The Journal of Bone and Joint Surgery 82:799 (2000)
© 2000 The Journal of Bone and Joint Surgery, Inc.
Distraction Osteogenesis After Acute Limb-Shortening for Segmental Tibial Defects
Comparison of a Monofocal and a Bifocal Technique in Rabbits*
Rainer H. Meffert, M.D. ,
Nozomu Inoue, M.D., PhD.,
John E. Tis, M.D. ,
Erwin Brug, M.D. and
Edmund Y. S. Chao, Ph.D.
Investigation performed at the Department of Orthopaedic
Surgery, Orthopaedic Biomechanics Laboratory, The Johns Hopkins University,
Baltimore, Maryland
*No benefits in any form have been received or will be received
from a commercial party related directly or indirectly to the subject
of this article. Funds were received in total or partial support of
the research or clinical study presented in this article. The funding
sources were the Max-Kade Foundation, New York, and Orthofix, Limited, Verona,
Italy. The external fixators were provided by Orthofix, Limited,
Verona, Italy, and the microplates were provided by Howmedica Leibinger,
Pfizer Medical Technology Group, Dallas, Texas.
Department of Orthopaedic Surgery, Orthopaedic Biomechanics Laboratory,
The Johns Hopkins University, Ross Research Building, 720 Rutland
Avenue, Room 235, Baltimore, Maryland 21205-2196.
Orthopaedic Surgery Service, Walter Reed Army Medical Center,
Washington, D.C. 20307.
Department of Trauma and Hand Surgery, University of Münster,
Waldeyerstrasse 1, D-48129 Münster, Germany.
Background: Segmental bone defects can be
treated with immediate limb-shortening followed by monofocal or bifocal
distraction osteogenesis. In the present study, the efficacy of
monofocal distraction osteogenesis was compared with that of bifocal
distraction osteogenesis in a rabbit model.
Methods: Twenty-four skeletally mature New Zealand White
rabbits were divided into two equal groups: one group had monofocal
distraction osteosynthesis, and the other had bifocal distraction
osteosynthesis. In both groups, a one-centimeter-long segment of
bone was resected from the midpart of the tibial shaft. In the monofocal
reconstruction group, the limb was immediately shortened to close
the segmental defect and the defect was allowed to heal for ten
days. Lengthening was then begun at this site, with use of a specially
designed external fixator, at a rate of 0.5 millimeter per twelve
hours. In the bifocal reconstruction group, the segmental defect
was closed immediately and the fragments were fixed with microplates.

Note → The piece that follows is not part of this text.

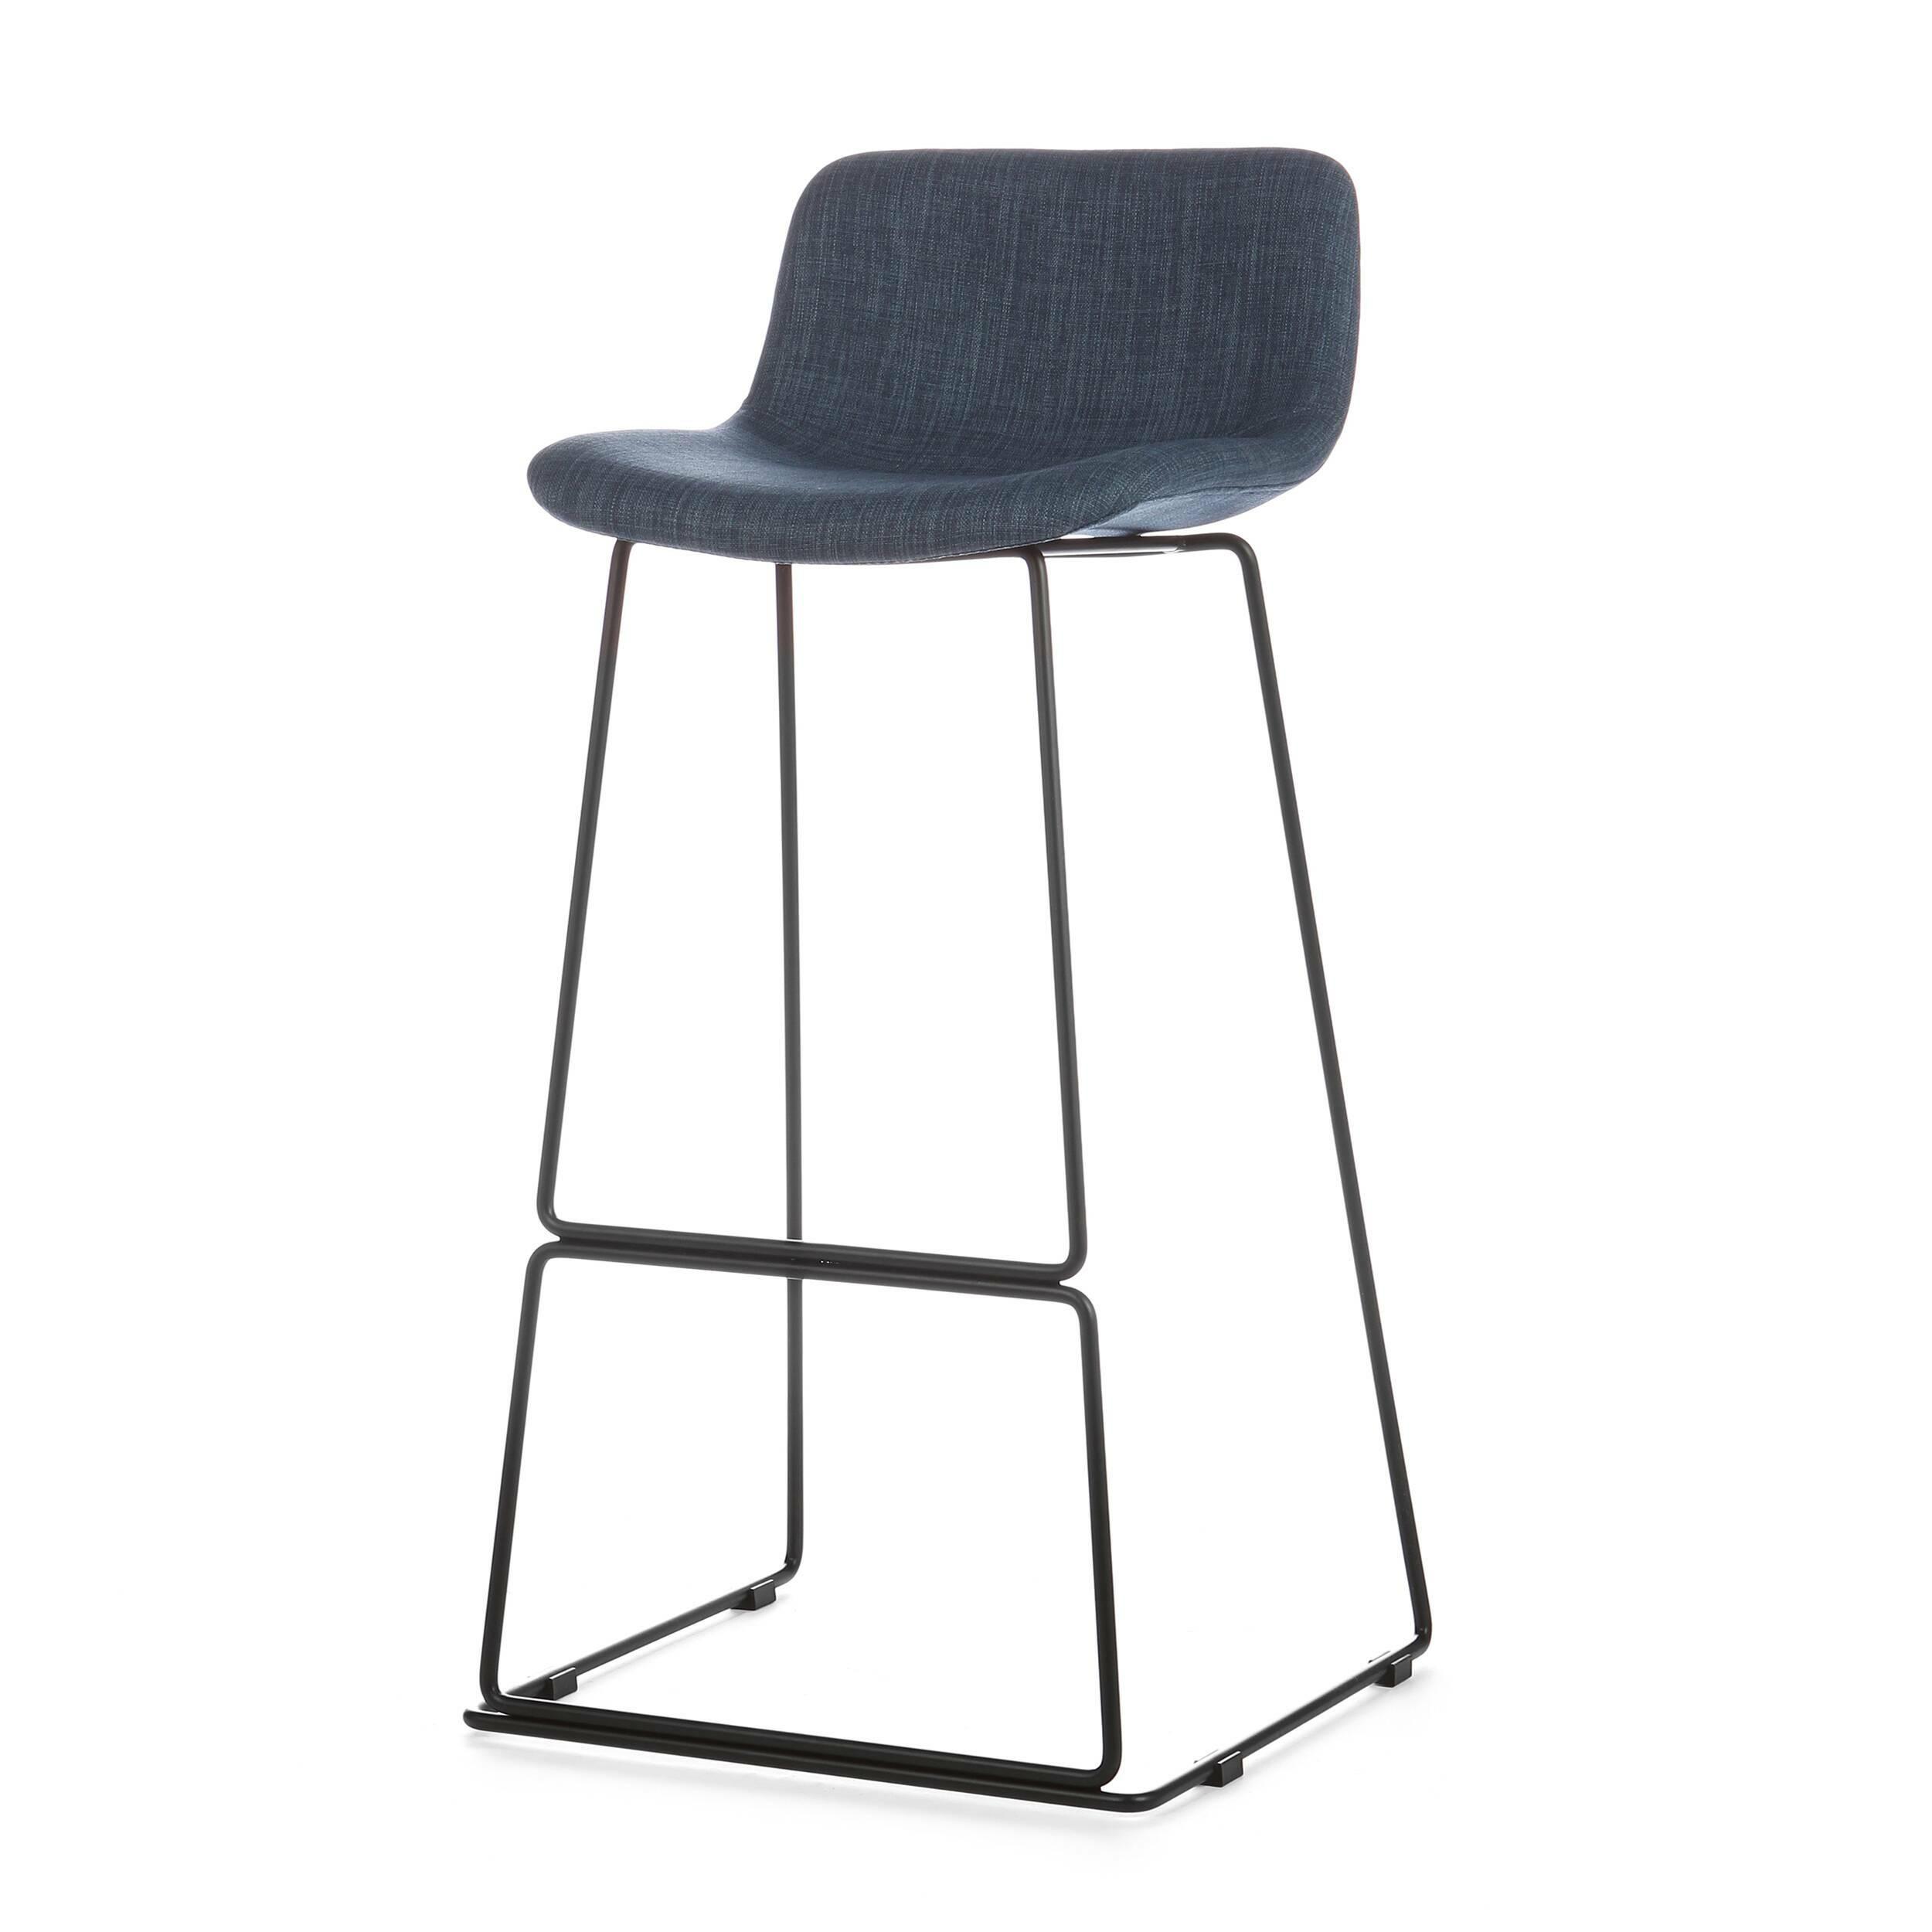 Барный стул Neo с мягкой обивкойБарные<br>Дизайнерский высокий барный стул Neo (Нео) с мягкой обивкой на стальных ножках от Cosmo (Космо). <br><br> Модель барного стула Neo с мягкой обивкой, основанная на оригинальных разработках шведского дизайнера Фредрика Маттсона, очаровывает с первого взгляда. Строение модели строго минималистичное. И в то же время универсальные цвета и геометрические формы со сглаженными углами замечательно впишутся в интерьерные композиции деревенского или конструктивного стиля, а также в некоторые интерпретации ...<br><br>stock: 0<br>Высота: 77<br>Высота спинки: 45<br>Ширина: 48,5<br>Глубина: 53,5<br>Цвет ножек: Черный<br>Цвет сидения: Синий<br>Тип материала сидения: Ткань<br>Тип материала ножек: Сталь

A subperiosteal osteotomy was performed proximal to the tibiofibular
junction, and lengthening was performed at the site of the osteotomy.
The animals in both groups were killed twenty days after the lengthening
was completed. New-bone formation then was evaluated with use of
radiographs, densitometry, biomechanical testing, and histological and
histomorphometric analysis.
Results: Osseous consolidation occurred in all
but one of the animals. Biomechanical testing demonstrated that
the tibiae that had been treated with use of the simple monofocal
reconstruction technique tended to have greater torsional stiffness
(p = 0.14) and strength (p = 0.09). Follow-up radiographs revealed
that both groups had a significant decrease in radiolucent area
(p < 0.05), which occurred at essentially the same rate after
lengthening. No significant differences were found between the groups
with respect to new-bone mineral density, new-bone area, or the
amount of callus. Thus, after resection of a diaphyseal bone segment
comprising 10 percent of the original length of the tibia and acute
shortening, limb reconstruction was completed successfully through
distraction osteogenesis with use of either a monofocal or a bifocal technique
in rabbits.
Conclusions: In the present study, both monofocal
and bifocal techniques of shortening and distraction osteogenesis
were effective for the reconstruction of segmental bone defects.
Under some conditions, the monofocal method may provide a simpler
means of treating such defects.
Clinical Relevance: Damage to the soft-tissue
envelope as well as venous and lymphatic stasis impose limits on
the amount of limb-shortening that can be achieved with use of the
monofocal method and also influence the indications for this procedure
in the clinical setting.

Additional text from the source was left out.